Les nostalgiques dans le rap, autrefois, c'étaient les amateurs de boom bap. C'étaient les adeptes de sons East Coast à la mode des années 90. C'étaient ceux qui avaient du mal avec le nouveau siècle. Mais cette musique continue à prendre de l'âge, inéluctablement. Et maintenant qu'elle avance encore plus loin en terrain inconnu, nous voyons apparaître la nouvelle génération de vieux, ces autres personnes qui pensaient que c'était mieux avant : les nostalgiques de la trap music.
Ceux-là, qui pourrait les contenter mieux que Zaytoven, celui qui, à Atlanta avec son associé Gucci Mane, après avoir fait ses armes dans la Bay Area, est devenu le producteur quintessentiel de ce genre, celui qui en a édicté le canon musical ? Surtout quand ce dernier dit revenir aux sources (et donc laisser de côté ses collaborations avec Usher), et qu'il réunit pour cela Young Scooter, OJ Da Juiceman, Young Dro, Shy Glizzy et Doe Boy, soit une ribambelle de rappeurs plus ou moins emblématiques de cette musique, en plus d'esprits voisins tels que G Herbo ou bien Payroll Giovanni.

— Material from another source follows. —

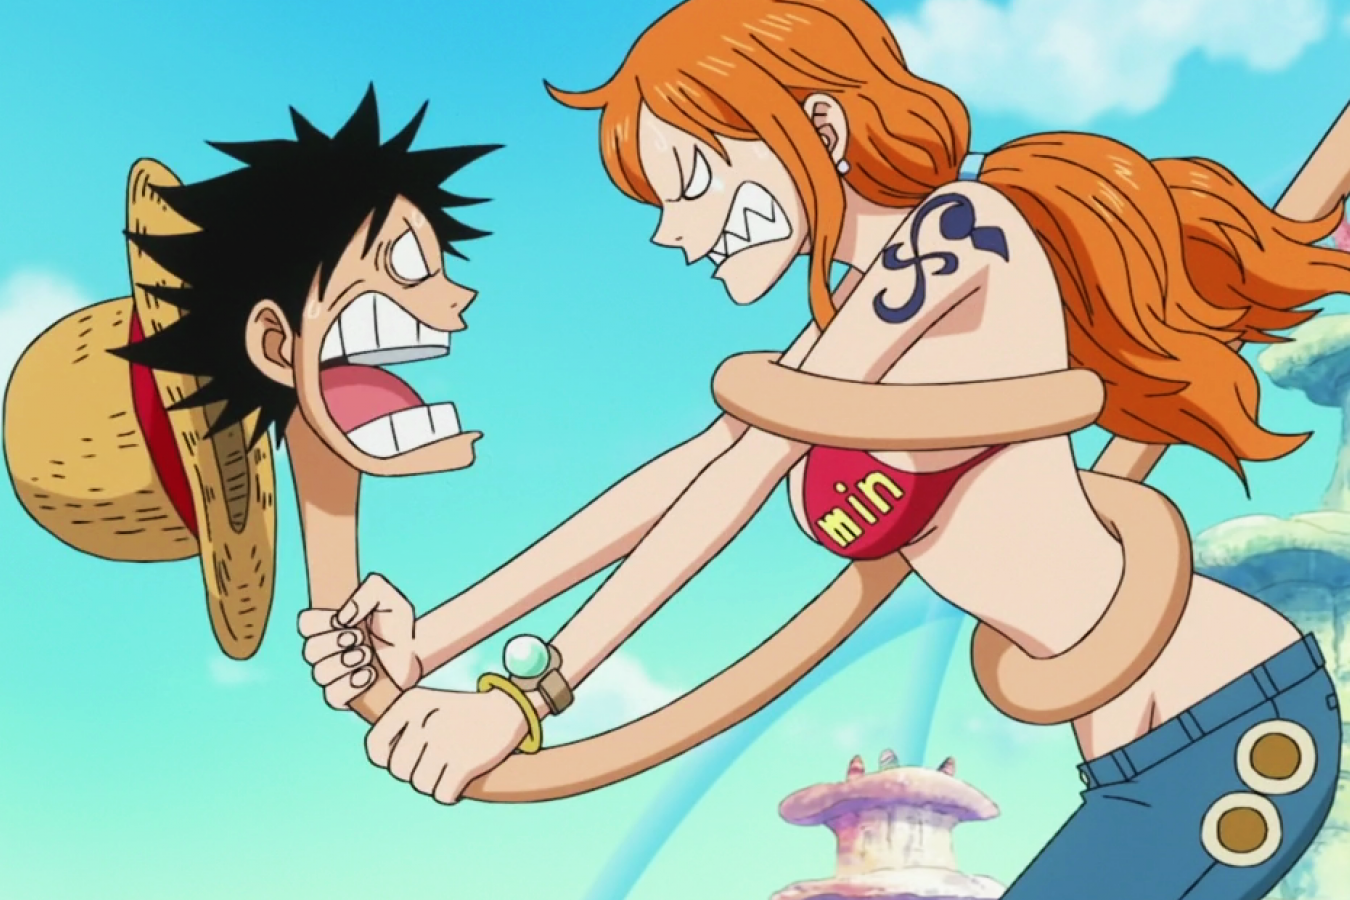 Phong phú và đa dạng, bộ sưu tập ảnh One Piece về đôi tình nhân Luffy và Nami tại thtantai2.edu.vn sẽ khiến bạn trầm trồ thích thú. Hơn 86 hình ảnh đẹp ngất ngây cho bạn tha hồ \
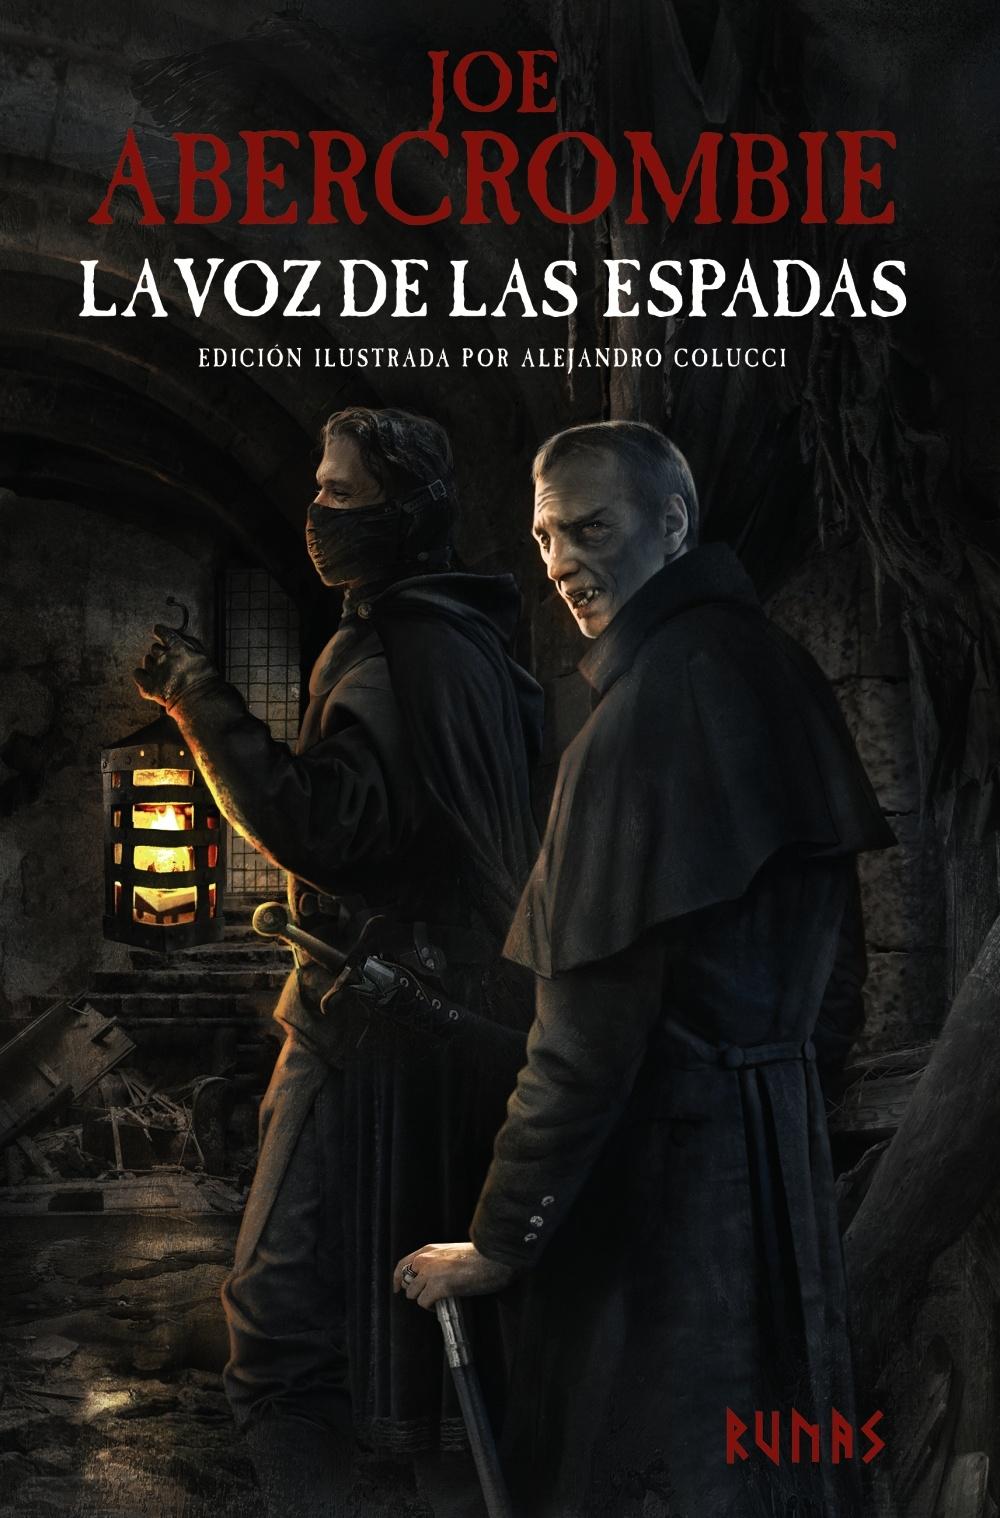 Voz de las espadas, La   "Edición ilustrada"

Street Credentials, se nomme cet album sorti l'an passé (un autre, intitulé "Pray For Atlanta", est sorti plus récemment en collaboration avec 1K Phew), et son contenu est comme son titre : délectablement générique. Le thème général, ce qui unit grosso modo les paroles de ces gens, c'est qu'ils se disent indéfectiblement fidèles à la rue. Et pour appuyer leurs mots, Zaytoven déroule sa recette habituelle : les rythmes épileptiques de la trap s'agrémentent de ces pianos gambadeurs qui, avec sa naissance en Allemagne, légitiment que Xavier Dotson ait choisi de s'identifier à Beethoven.
La formule n'est pas uniforme, pourtant. La trap music est chantante et tourmentée sur le "Old Me" de Yella Beezy, la voix âpre de G Herbo s'impose sur "How I'm Playing, et "Lightning", avec OJ Da Juiceman et Bobby Fishscale, est exquisement lancinant. Cela marche bien quand Zaytoven s'acoquine avec cet autre porteur du flambeau trap qu'est Young Scooter, ou qu'il le fait avec d'autres rappeurs confirmés tels que Young Dro sur les très bons "Monyuns" et "Yessir", et Doe Boy sur "Honest". Mais quand il s'appuie sur celui qui s'affirme comme le meilleur héritier de la trap, Cootie, à son aise sur "Let's Get It", c'est aussi très gratifiant.
Bref, ce n'est rien que de la routine. Tout ici a déjà existé, souvent en version supérieure, et certaines greffes font des rejets, par exemple celle du style de Detroit représenté par Payroll Giovanni sur le dispensable "Trust Low". Mais Street Credentials est globalement plaisant. Ce qui confirme ce que tous les gens qui ont vécu savent déjà : être un vieux con nostalgique peut apporter des satisfactions, parfois.